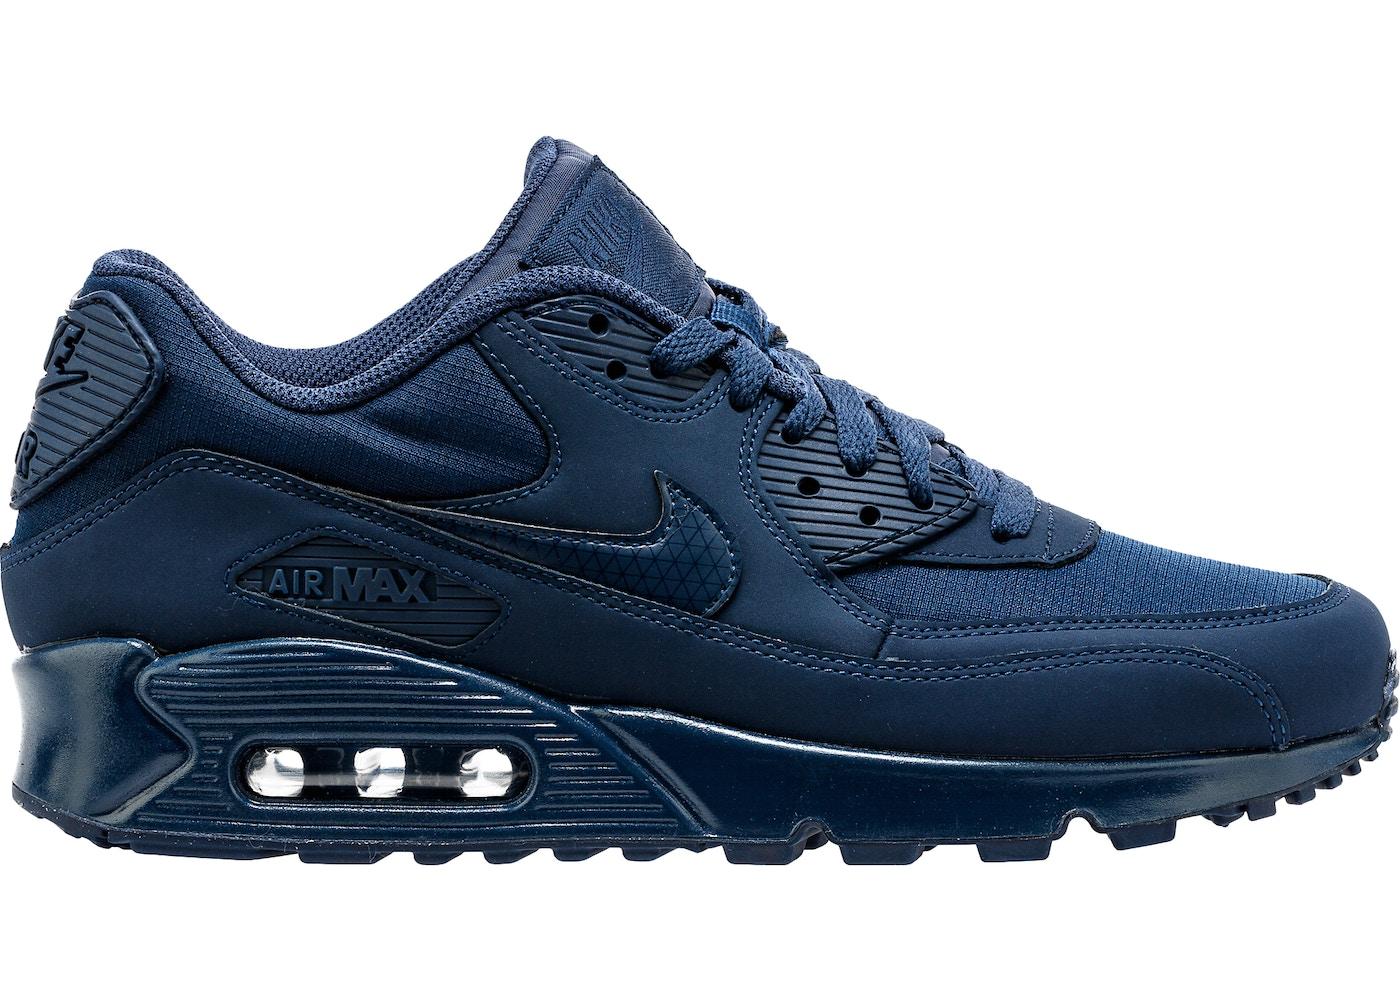 progenie máquina Silicio  Nike Air Max 90 Midnight Navy (2016) - 537384-412
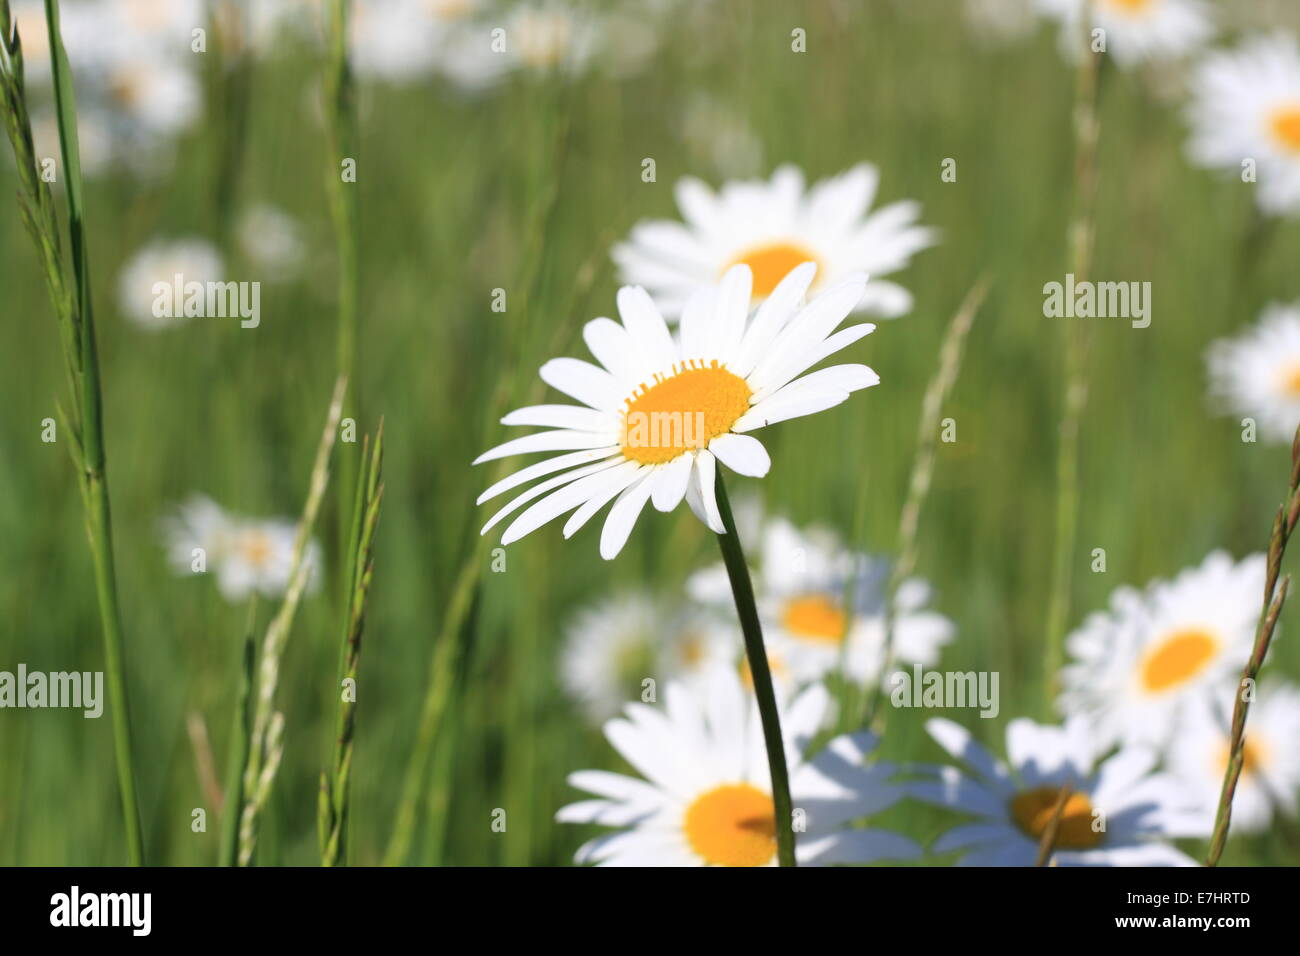 Beautiful daisy flowers on a green meadow stock photo royalty free beautiful daisy flowers on a green meadow izmirmasajfo Choice Image
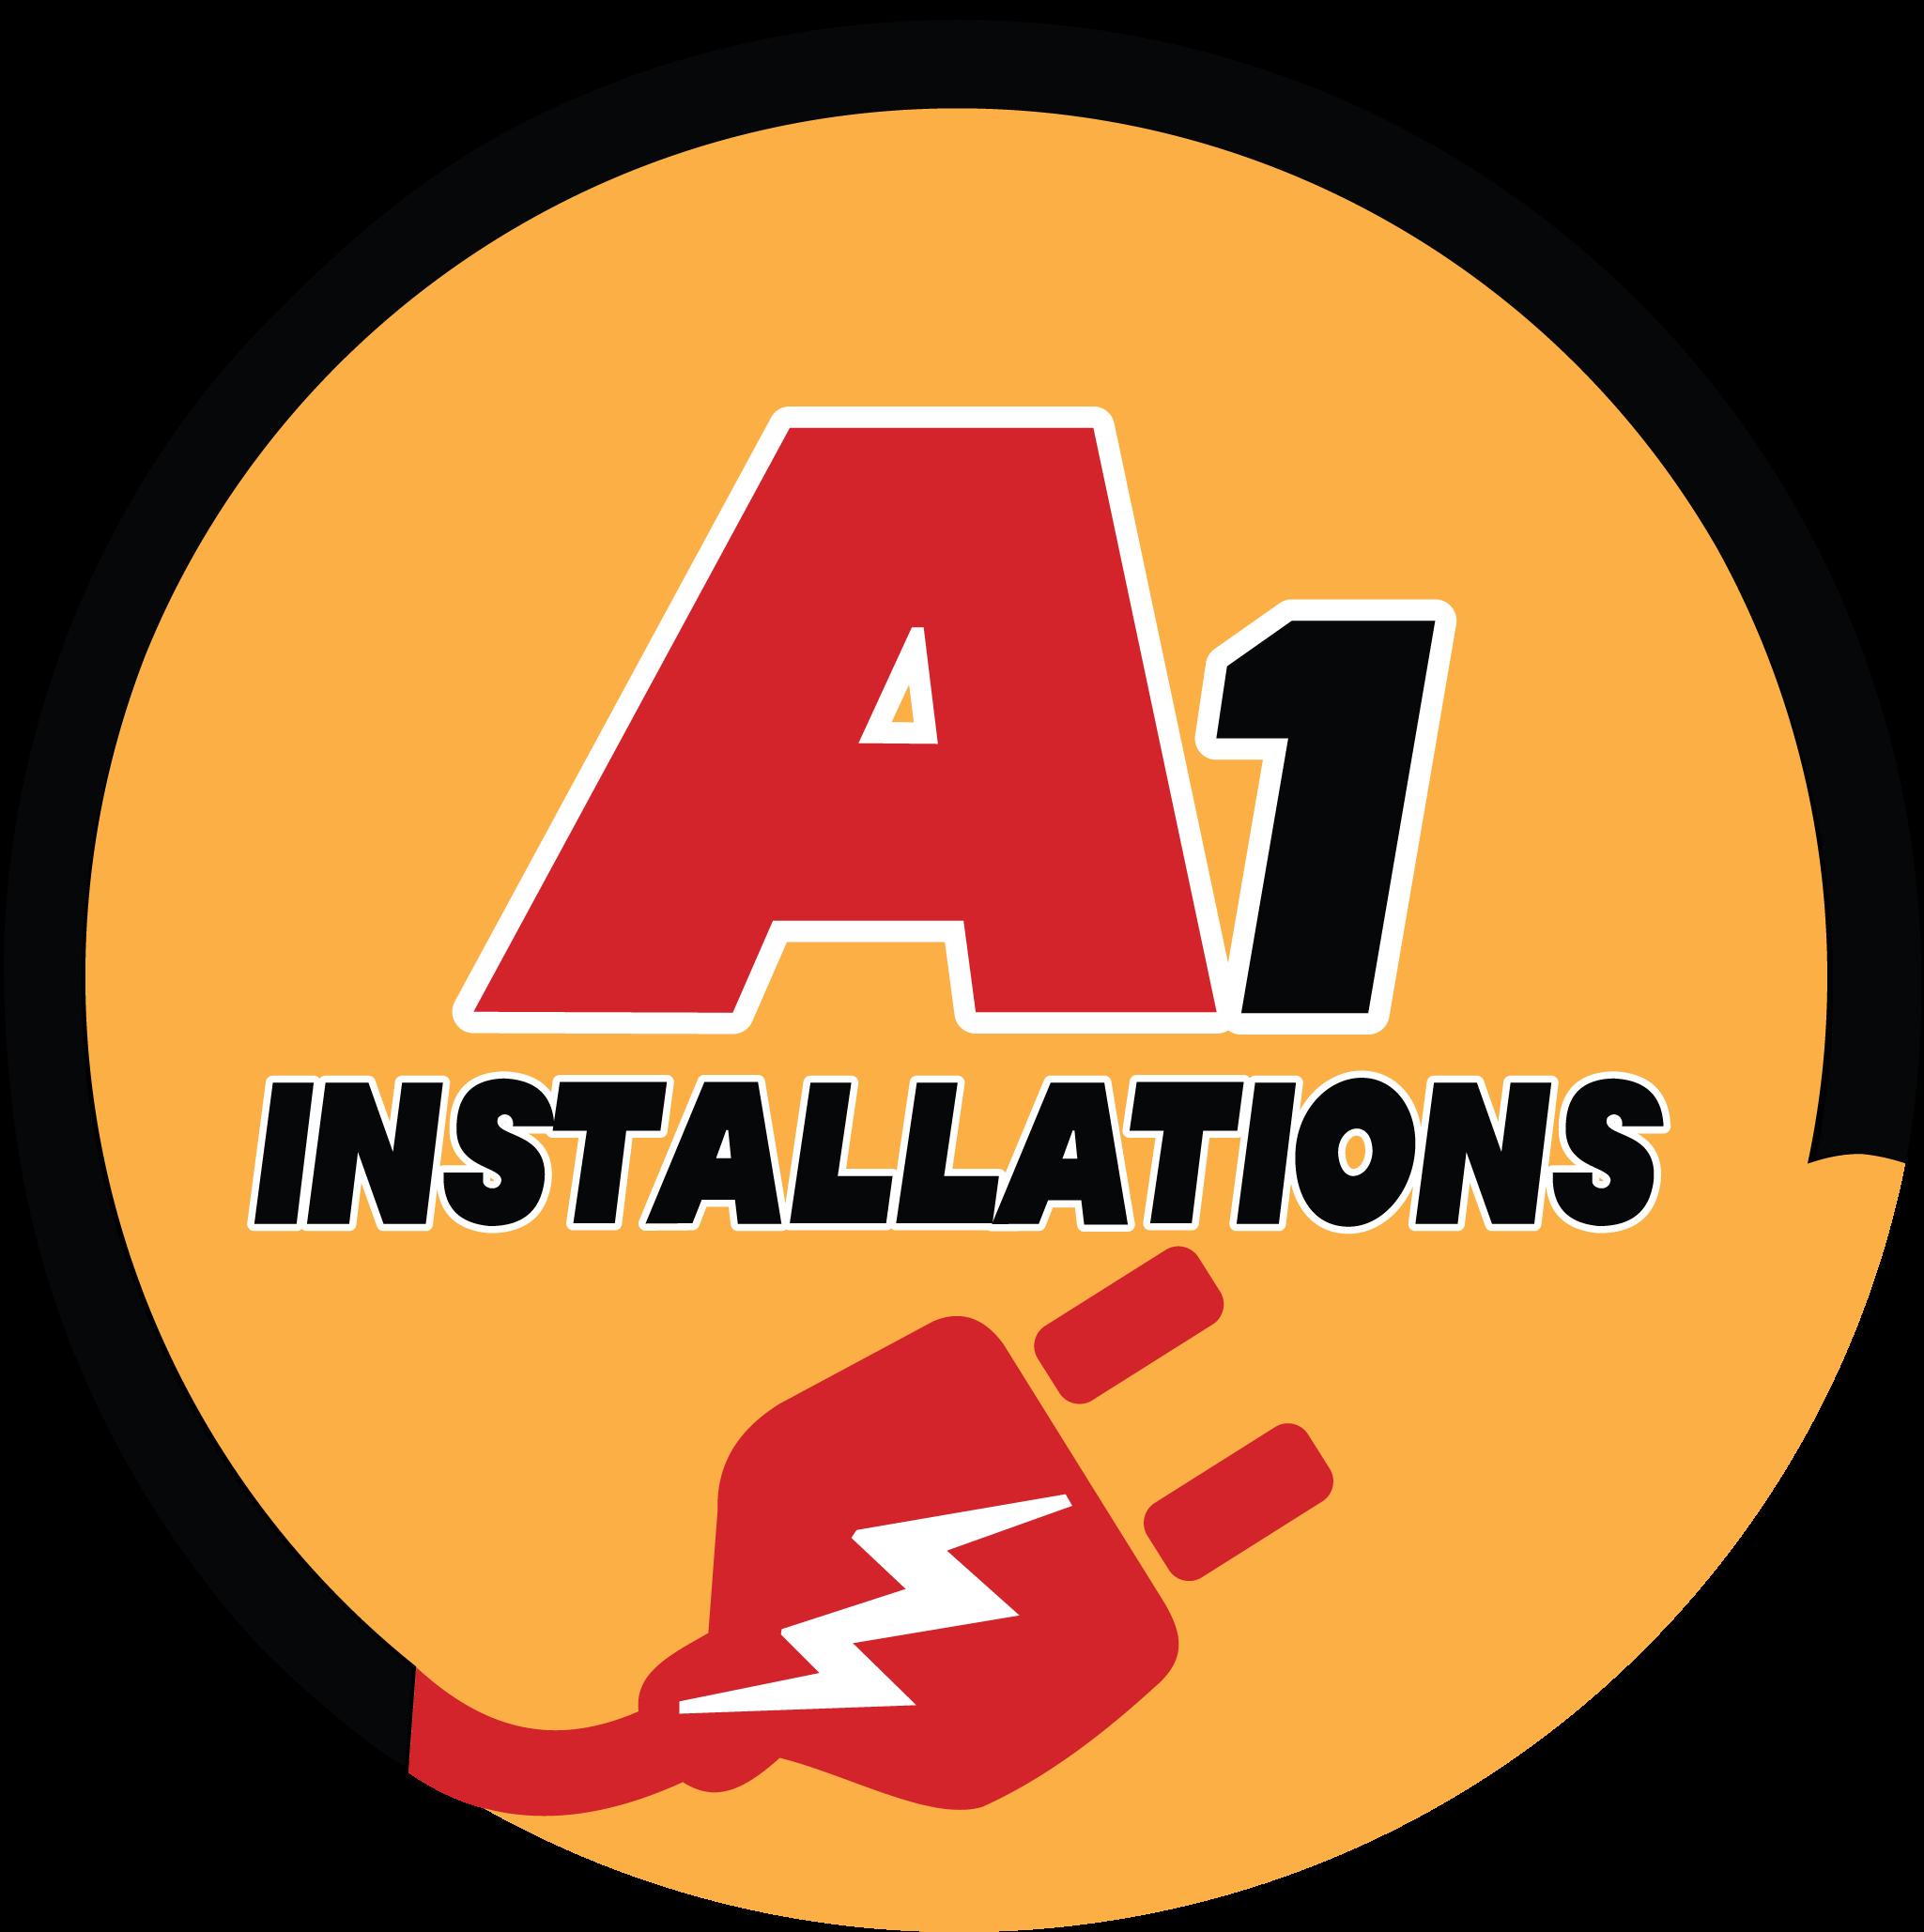 A1 Installations LLC
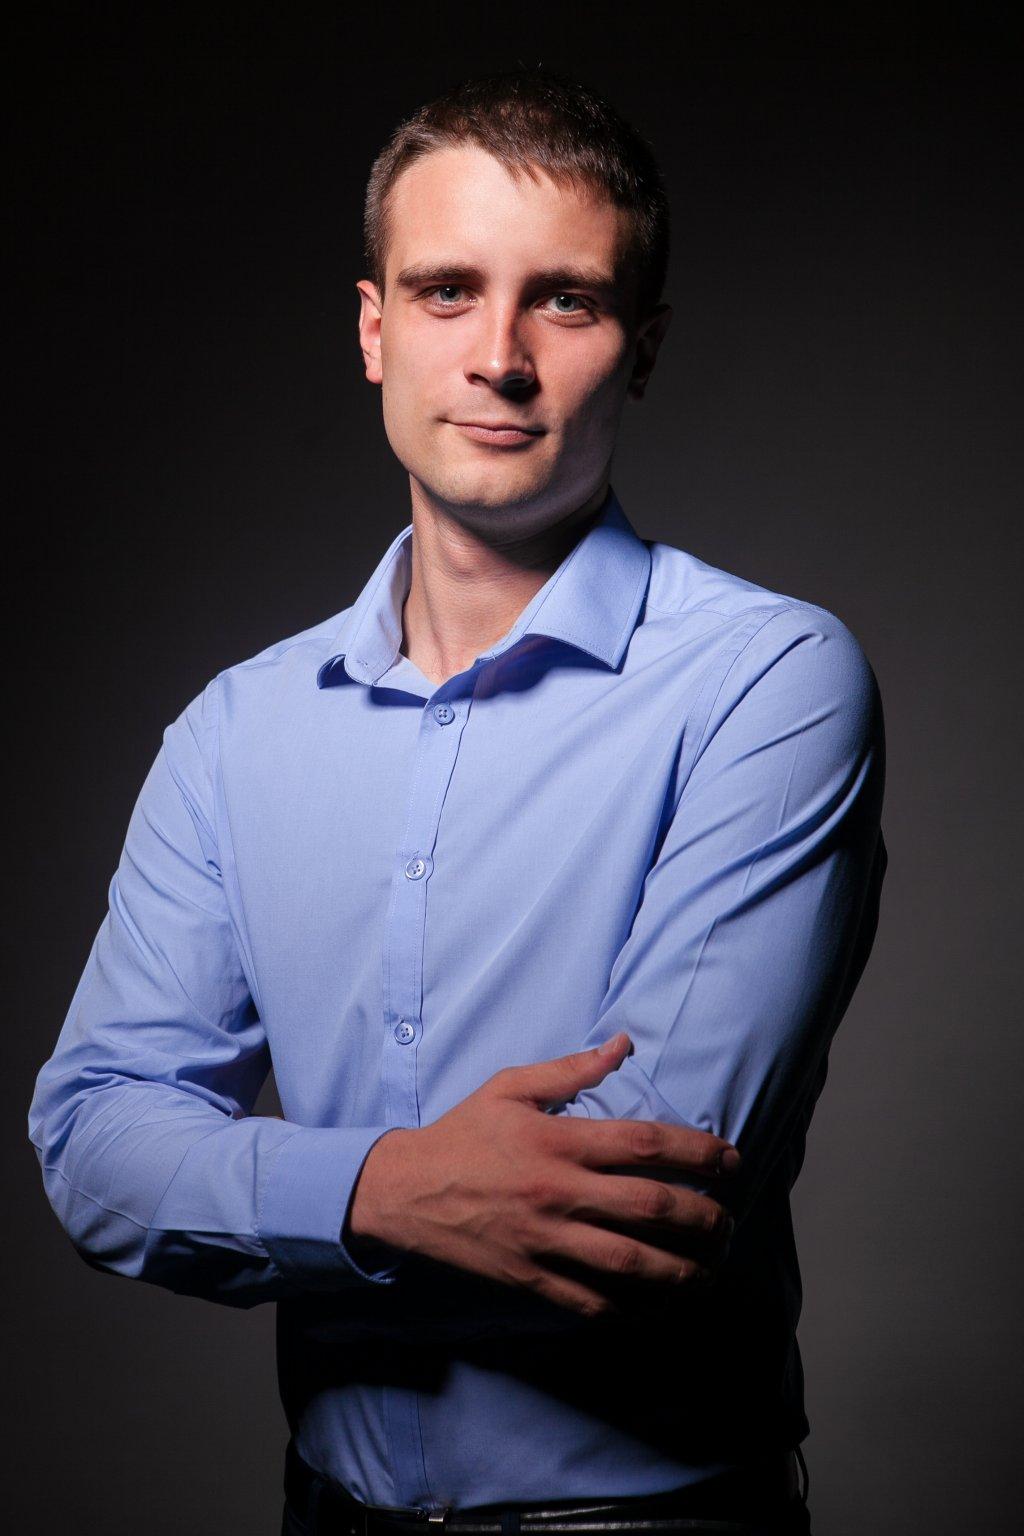 Max Kuśmierek
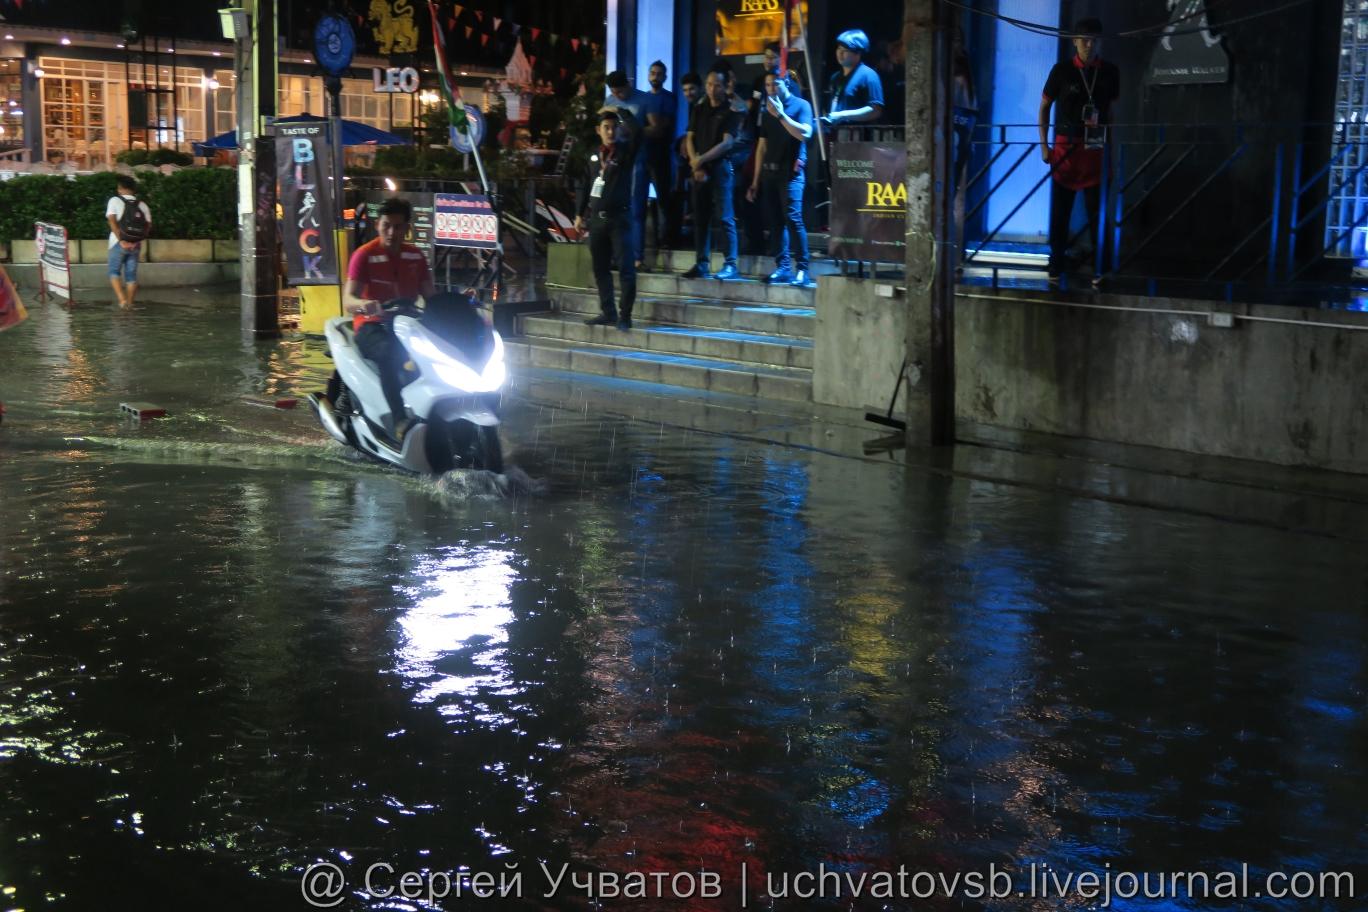 Walking Street в Таиланде (Паттайя) смыло дождем 5
§ §
◆ INSTRUCTIONS TO FOLLOW: Copy the entire listing exactly but skip the pictures.

◆ RESULT FOR THIS TASK:
 progenie máquina Silicio  Nike Air Max 90 Midnight Navy (2016) - 537384-412
 Beautiful daisy flowers on a green meadow stock photo royalty free beautiful daisy flowers on a green meadow izmirmasajfo Choice Image
 A1 Installations LLC
 Max Kuśmierek
 Walking Street в Таиланде (Паттайя) смыло дождем 5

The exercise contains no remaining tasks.